28. The use according to claim 27, wherein said antisense oligonucleotide, or analogue thereof, inhibits expression of one or more of said at least one other gene.

29. The use according to claim 28, wherein said at least one other gene encodes dihydropyrimidine dehydrogenase.

30. The use according to claim 29, wherein said one or more dose limiting toxicities is hand-foot syndrome, a cardiotoxicity or a neurotoxicity.

31. The use according to claim 29, wherein said one or more dose limiting toxicities is hand-foot syndrome.

32. The use according to any one of claims 27 to 31, wherein said antisense oligonucleotide, or analogue thereof, comprises at least 7 consecutive nucleotides complementary to the sequence as set forth in SEQ ID NO:1.

33. The use according to any one of claims 27 to 31, wherein said antisense oligonucleotide, or analogue thereof, comprises at least 7 consecutive nucleotides complementary to the sequence as set forth in SEQ ID NO:2.

34. Use of an antisense oligonucleotide, or analogue thereof, comprising at least 7 consecutive nucleotides complementary to a thymidylate synthase mRNA to potentiate the effect of a dihydropyrimidine dehydrogenase inhibitor in a mammal in need thereof, wherein said antisense oligonucleotide, or analogue thereof, inhibits expression of a thymidylate synthase gene and the expression of a dihydropyrimidine dehydrogenase gene.

35. The use according to claim 34, wherein said antisense oligonucleotide, or analogue thereof, comprises at least 7 consecutive nucleotides complementary to the sequence as set forth in SEQ ID NO:1.

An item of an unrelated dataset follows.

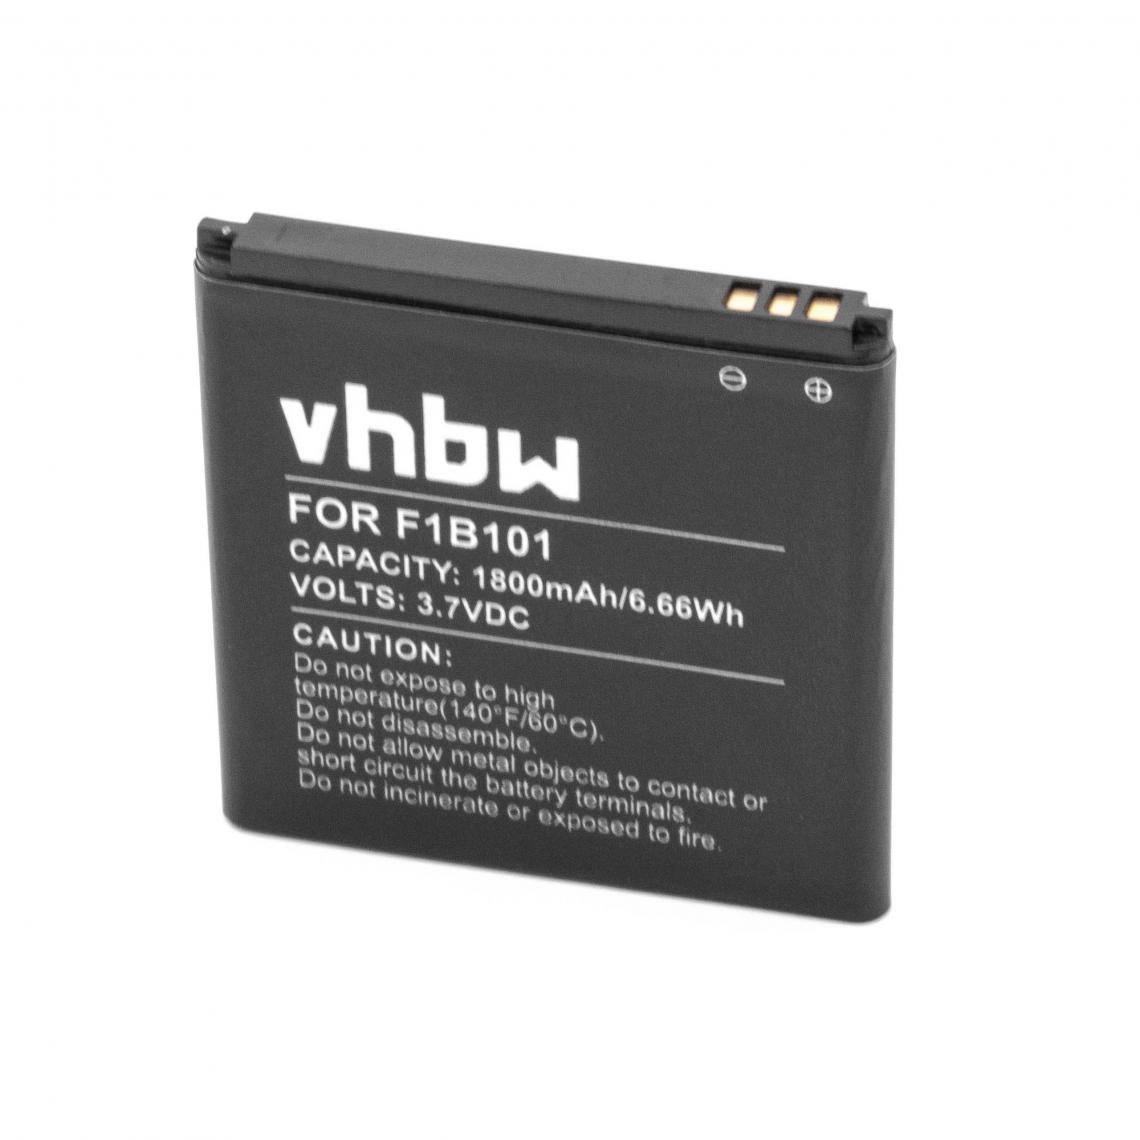 Vhbw - vhbw Li-Ion batterie 1800mAh (3.7V) pour téléphone portable mobil smartphone comme Fairphone F1B101, F1B201 - Batterie téléphone

36. The use according to claim 34, wherein said antisense oligonucleotide, or analogue thereof, comprises at least 7 consecutive nucleotides complementary to the sequence as set forth in SEQ ID NO:2.

37. Use of an antisense oligonucleotide, or analogue thereof, comprising at least 7 consecutive nucleotides complementary to SEQ ID NO: 2 to inhibit the expression of a dihydropyrimidine dehydrogenase gene in a mammal in need thereof.

38. A method of screening for potential drug targets for cancer therapy comprising the steps of:

(a) contacting a first population of cancer cells with an antisense oligonucleotide, or analogue thereof, comprising at least 7 consecutive nucleotides complementary to a thymidylate synthase mRNA;

(b) isolating mRNA from said cancer cells to provide a treated mRNA sample;

(c) isolating mRNA from a second control population of cells to provide a control mRNA sample;

(d) conducting gene expression assays using said treated mRNA sample and said control mRNA sample to determine genes whose expression is modulated in the first population of cancer cells, thereby identifying potential drug targets for cancer therapy.

39. The method according to claim 38, wherein said antisense oligonucleotide, or analogue thereof, comprises at least 7 consecutive nucleotides complementary to the sequence as set forth in SEQ ID NO:1.

40. The method according to claim 38, wherein said antisense oligonucleotide, or analogue thereof, comprises at least 7 consecutive nucleotides complementary to the sequence as set forth in SEQ ID NO:2.